GIVEN MATERIAL
..............................

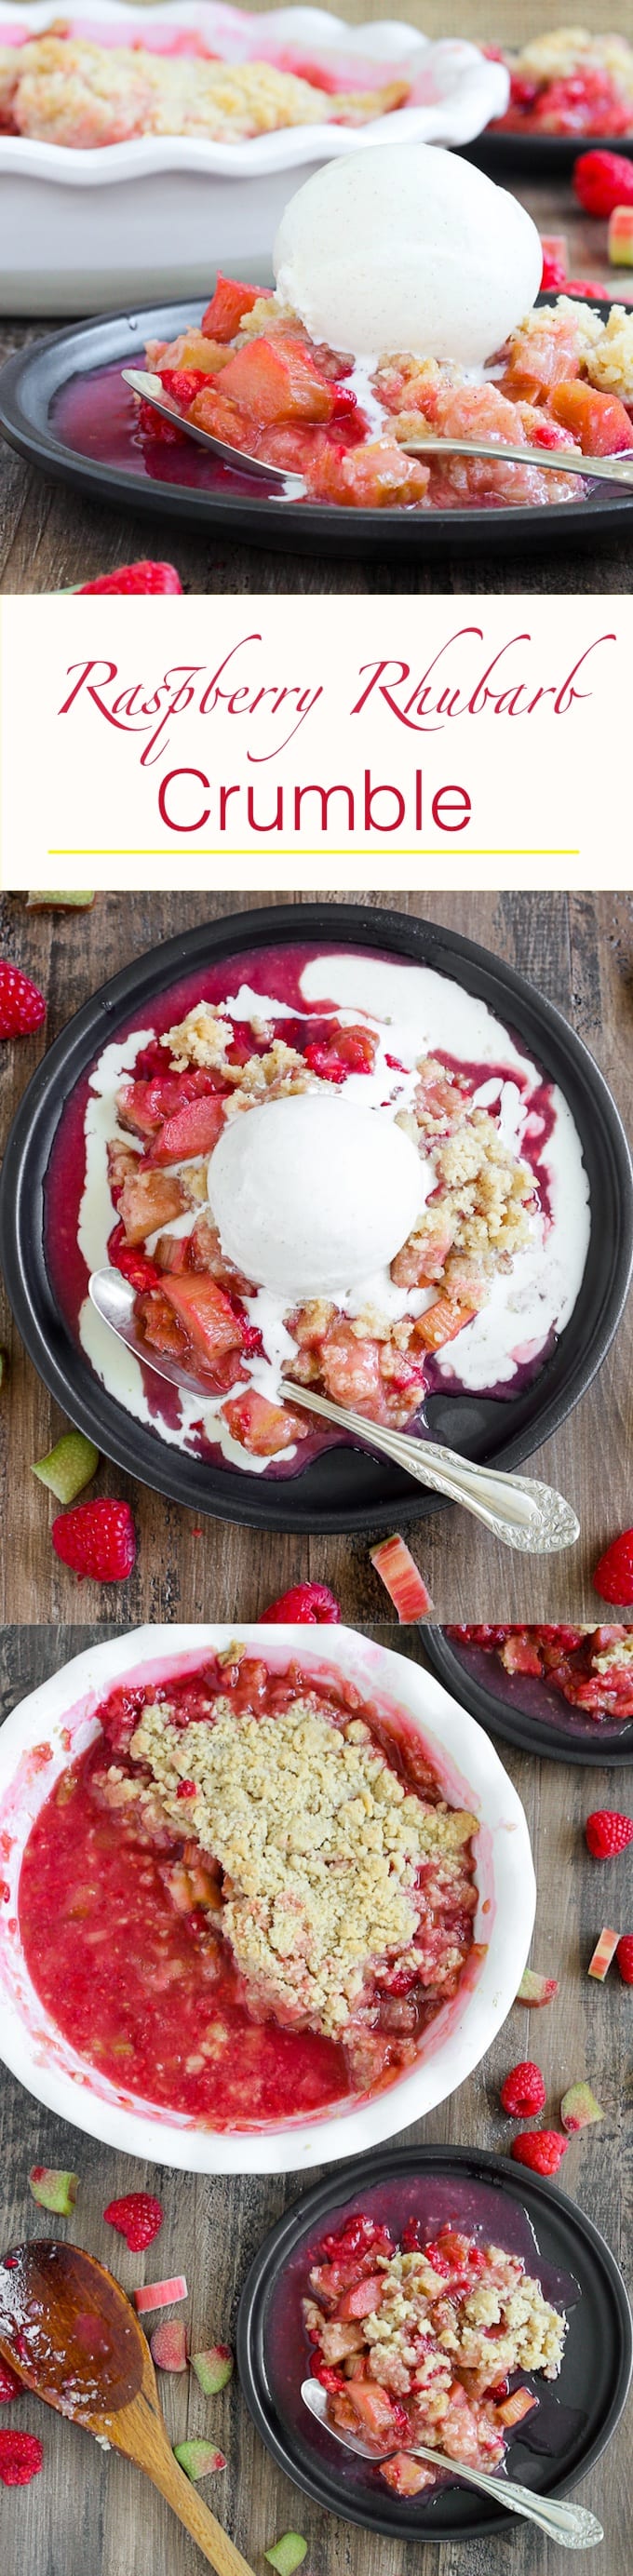 Grandmas Raspberry Rhubarb Crumble is the perfect balance of tart and sweet! The rhubarb is tender and still has a little bit of sour bite. And the cinnamon crumble on top…don’t even get me started! It is the best crumble I’ve ever had!
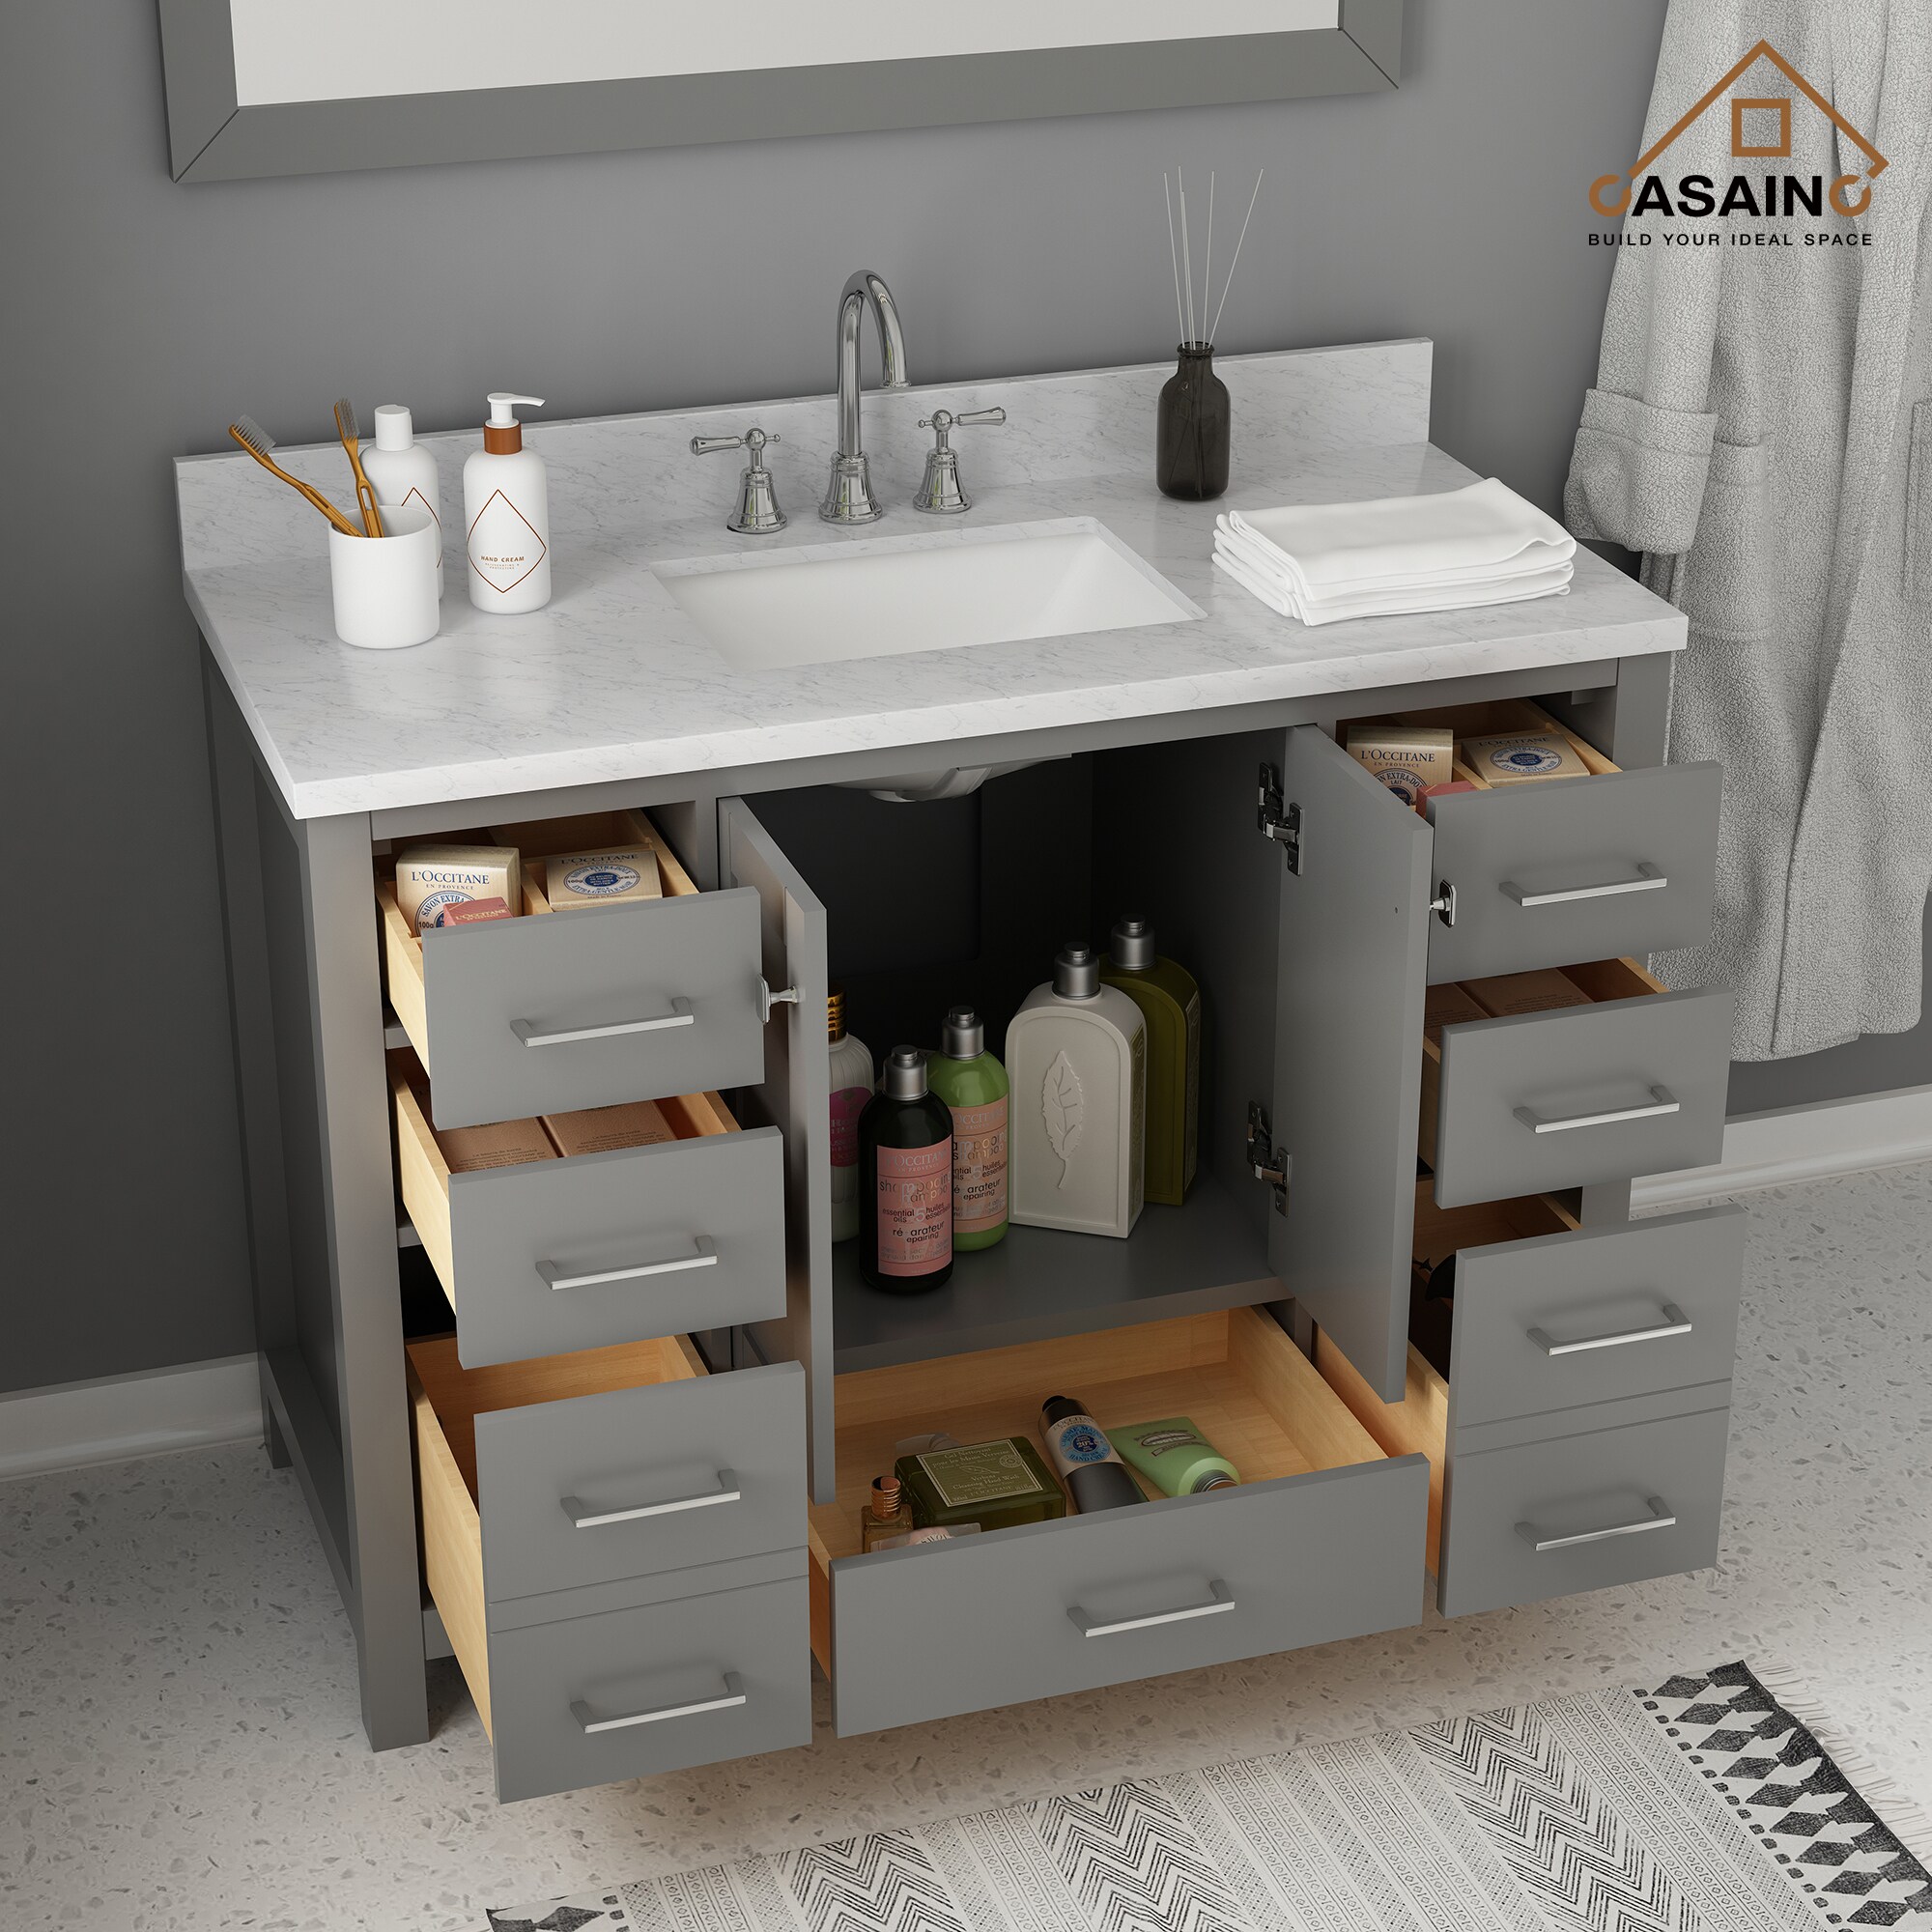 Casainc 48 In Gray Undermount Single Sink Bathroom Vanity With Off White With Speckles Marble 6736
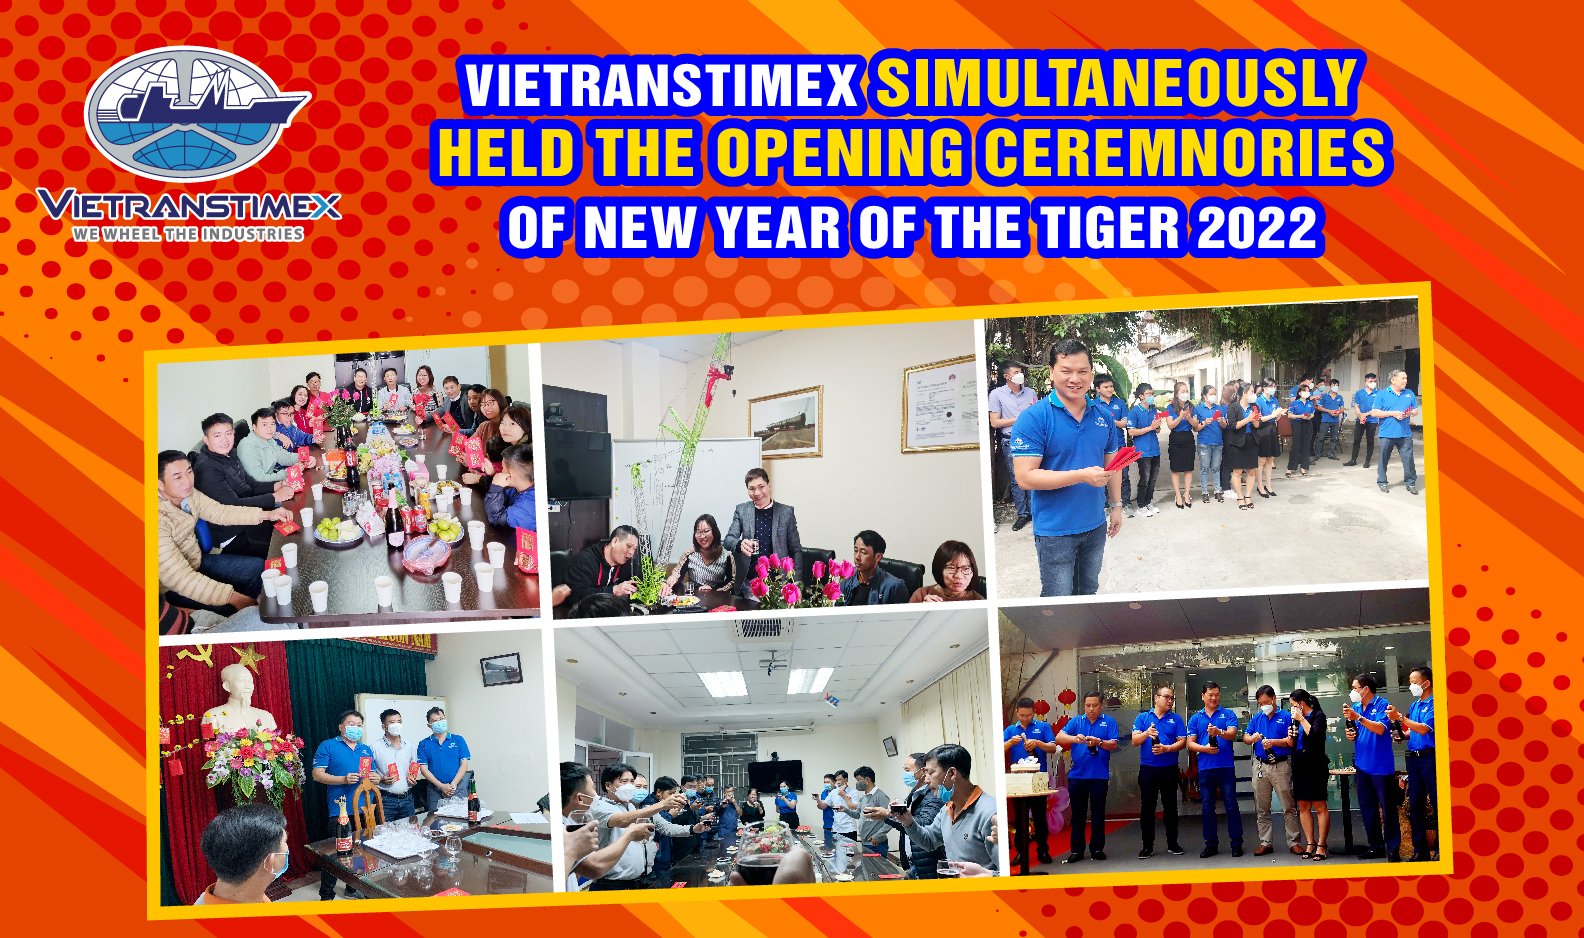 Vietranstimex Simultaneously Held The Opening Ceremnories Of New Year Of The Tiger 2022
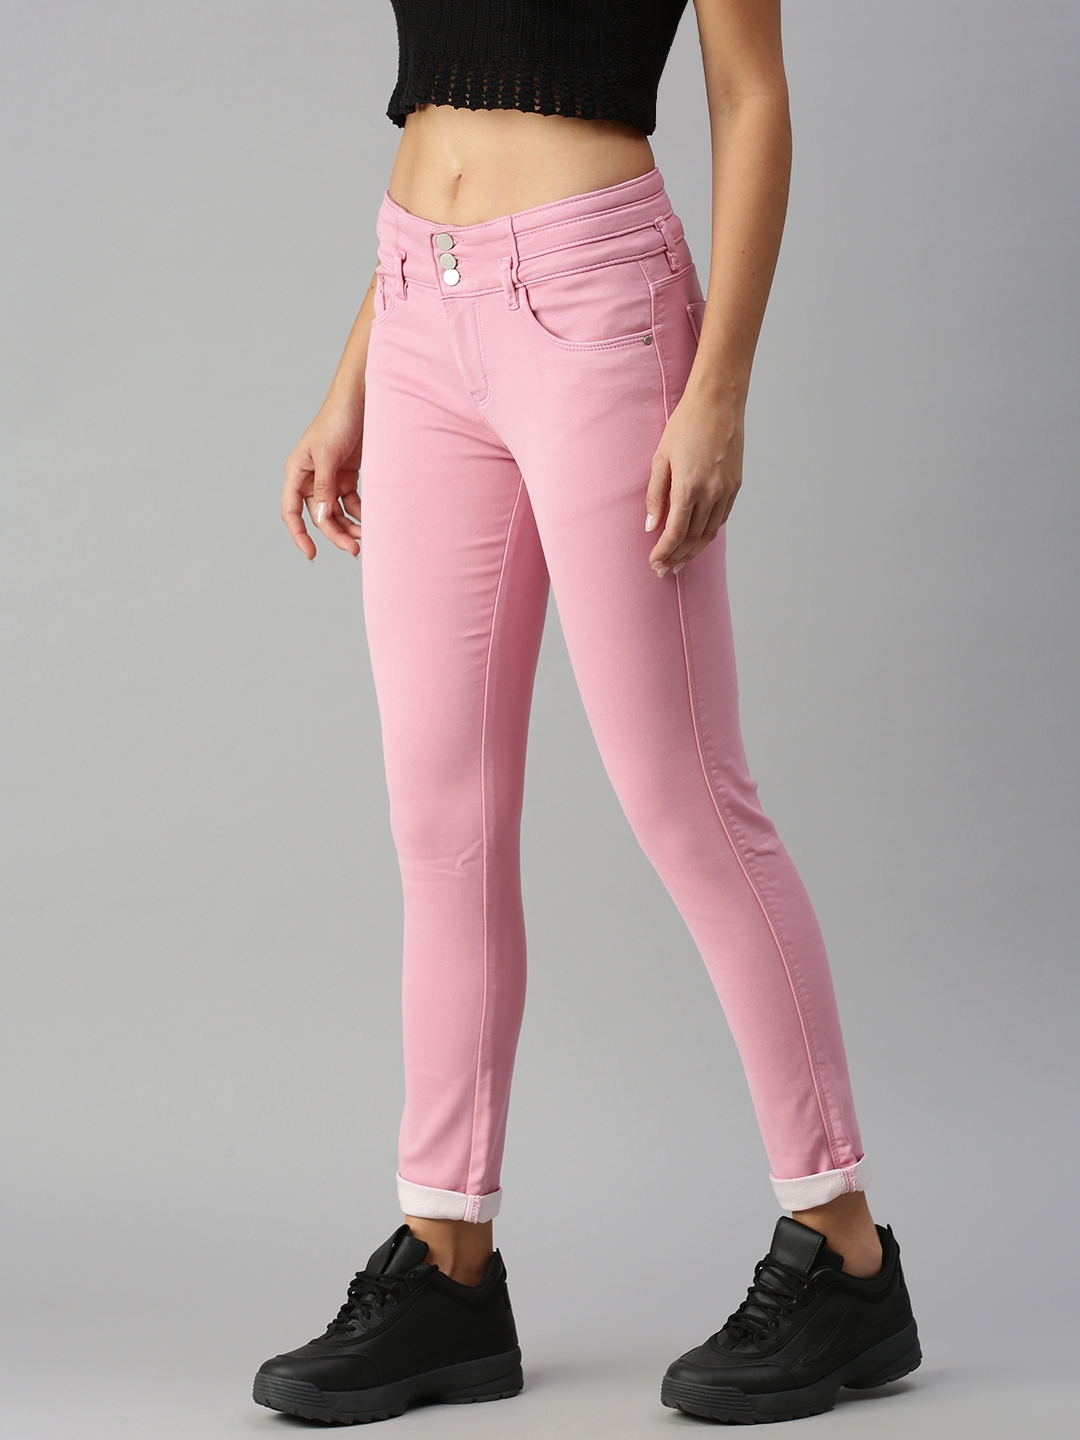 Judy Blue Pink Cargo Jeans – The Nines

..............................

ACTIVITY
The pictures in the data should be omitted, and every remaining line set down exactly.

EXPECTED ANSWER
 Grandmas Raspberry Rhubarb Crumble is the perfect balance of tart and sweet! The rhubarb is tender and still has a little bit of sour bite. And the cinnamon crumble on top…don’t even get me started! It is the best crumble I’ve ever had!
 Casainc 48 In Gray Undermount Single Sink Bathroom Vanity With Off White With Speckles Marble 6736
 Vietranstimex Simultaneously Held The Opening Ceremnories Of New Year Of The Tiger 2022
 Judy Blue Pink Cargo Jeans – The Nines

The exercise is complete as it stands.